Observability facilities#

Third party software stack to keep an eye on your experiment or gather some metrics.

Website: https://discovery.gitlabpages.inria.fr/enoslib/index.html
Instant chat: https://framateam.org/enoslib
Source code: https://gitlab.inria.fr/discovery/enoslib

Prerequisites#

Make sure you’ve run the one time setup for your environment

Grid’5000 monitoring facilities#

Grid’5000 collects automatically metrics of the nodes. Those metrics can be queried using the REST API.

[ ]:

from grid5000 import Grid5000
from pathlib import Path

conf = Path.home() / ".python-grid5000.yaml"
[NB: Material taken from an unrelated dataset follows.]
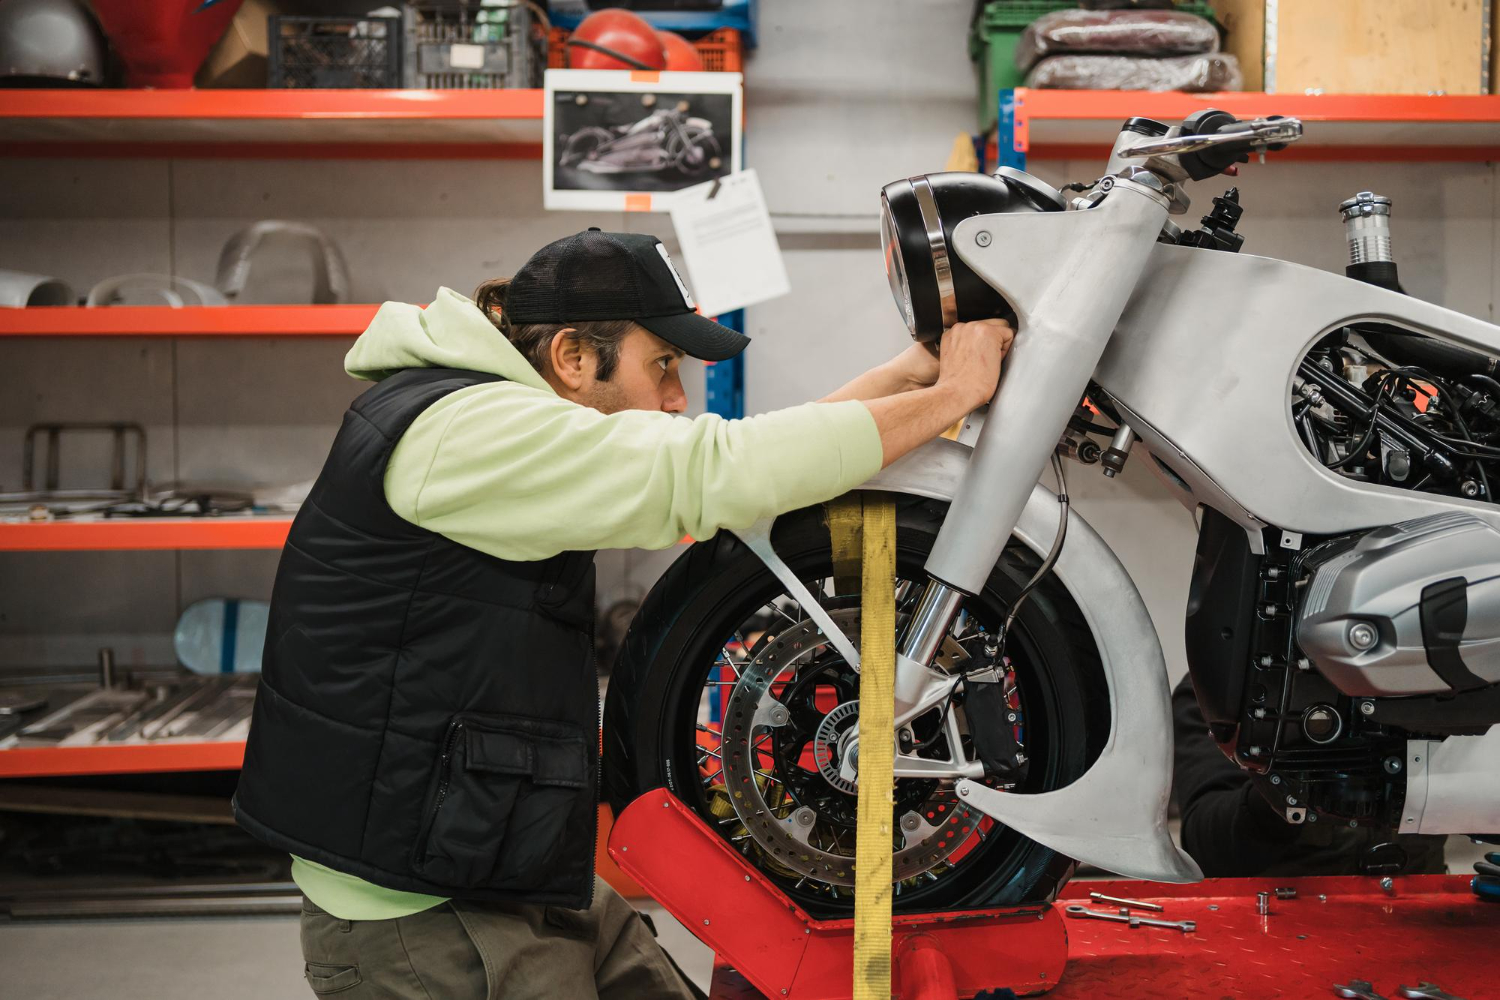 Ride with Confidence: PlugDart Motorcycle Service Center

gk = Grid5000.from_yaml(conf)

[ ]:

# get the list of the available metrics for a given cluster
import json

metrics = gk.sites["lyon"].clusters["nova"].metrics
print(json.dumps(metrics, indent=4))

[ ]:

[m["name"] for m in metrics]

[ ]:

import time
metric = "wattmetre_power_watt"
now = time.time()
measurements = gk.sites["lyon"].metrics.list(nodes="nova-1,nova-2,nova-3", start_time=now - 1000, metrics=metric)

# alternatively one can pass a job_id
# measurements = gk.sites["lyon"].metrics.list(job_id=1307628, metrics=metric)
measurements[:10]

[ ]:

import pandas as pd

df = pd.DataFrame([m.to_dict() for m in measurements])
df["timestamp"] = pd.to_datetime(df["timestamp"])
import seaborn as sns

sns.relplot(data=df, x="timestamp", y="value", hue="device_id", alpha=0.7)

## EnOSlib’s observability service#

A Service in EnOSlib is a third party software stack that is commonly used among experimenters. In particular, EnOSlib has some some Services which deal with the problem of getting some insight on what’s running on remote nodes.

A Service is a python object which exposes three main methods:

deploy: which deploy the service
destroy: remove stop the service
backup: retrieve some states of the services (e.g monitoring information)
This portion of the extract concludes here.